He had 2 local boys as crew who handled all of the boat duties. I could take the helm whenever I wanted to. The crew and captain were excellent free divers, and supplied us with conch, lobster and barracuda (which turned out to be an excellent fish to eat). They knew all of the best sites, and we scuba dove off of the boat at some of the shallow coral reefs (mostly 25-30' deep).
They took us to Hol Chan Marine Reserve and Shark Ray Alley where they chummed for shark, and eagle rays while we snorkeled with about 25 nurse sharks all around us.

The bad: The boat is a ketch which Capt Louis salvaged off the reef. He personally added tons of lead to the keel, and did major repairs to the hull. She is a bit older, and was missing a boom vang when we chartered (which deprived the mainsail of some extra power). 

In spite of the age of the boat and the missing boom vang, she sailed fine, and was quite sea worthy. We felt we got a great deal and were very fortunate to have someone with such great local knowledge to guide us on our charter.

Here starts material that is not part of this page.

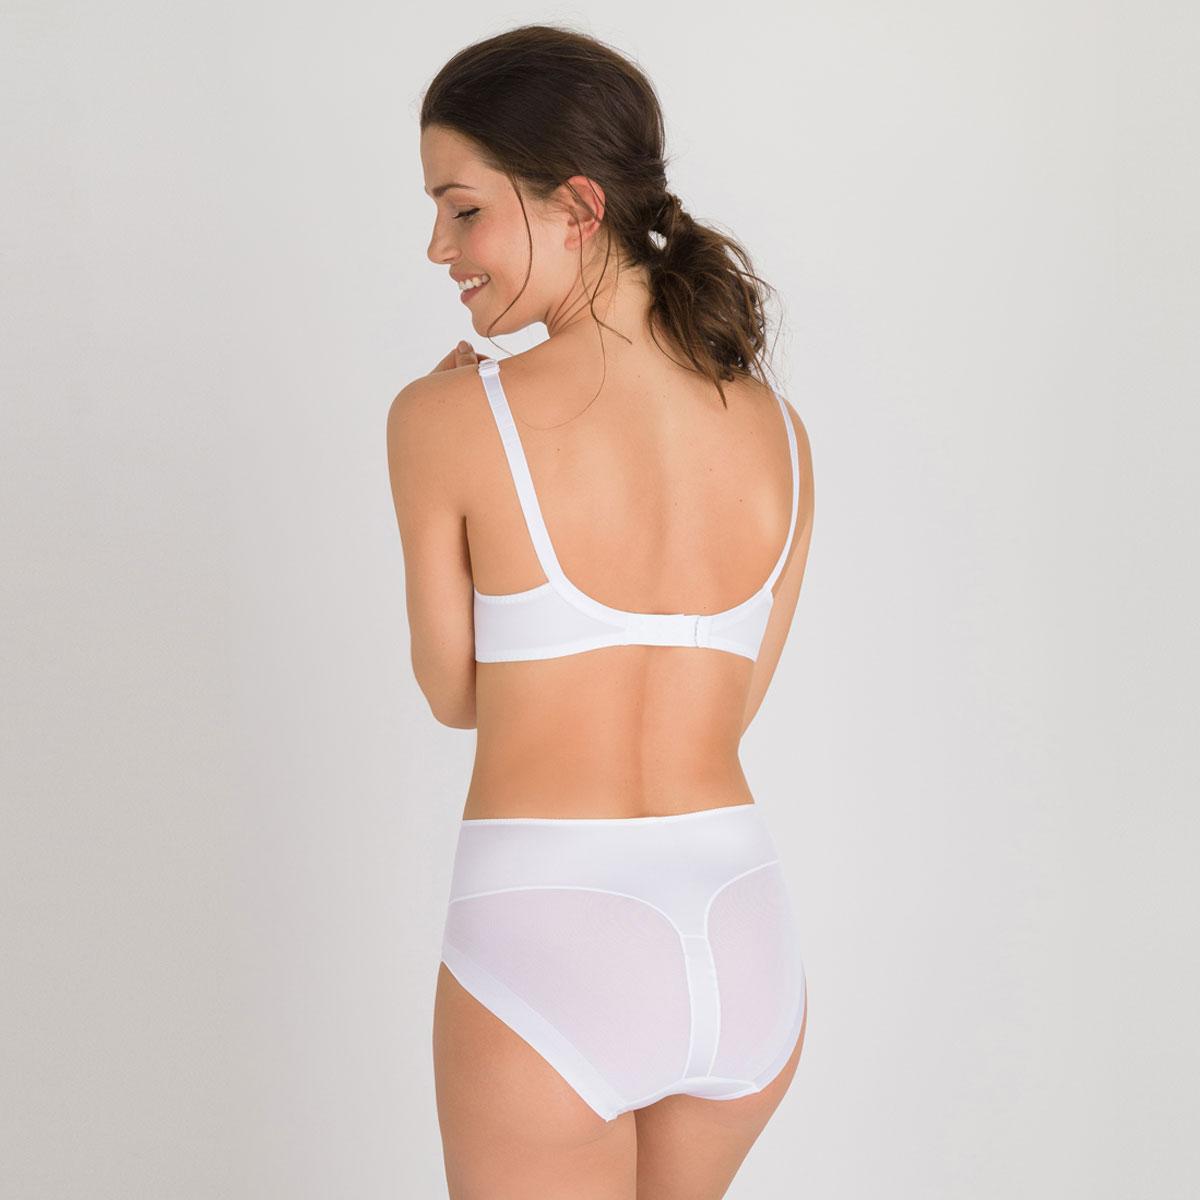 Soutien-gorge sans armatures blanc  - Perfect Silhouette-PLAYTEX

All in all, it was a great sailing adventures, with warm water, flat sailing and great food. If you're interested, I can find more links for La Gaviota and Belize on my computer. You should be able to reach Luis Nunez at the above email address.

Fair Winds,

Capt. Downer


----------



## saltymum (Mar 16, 2014)

Thanks but I think we are more interested in a bareboat charter, although a crewed charter does offer some advantages such as the ability to go outside the reef.


----------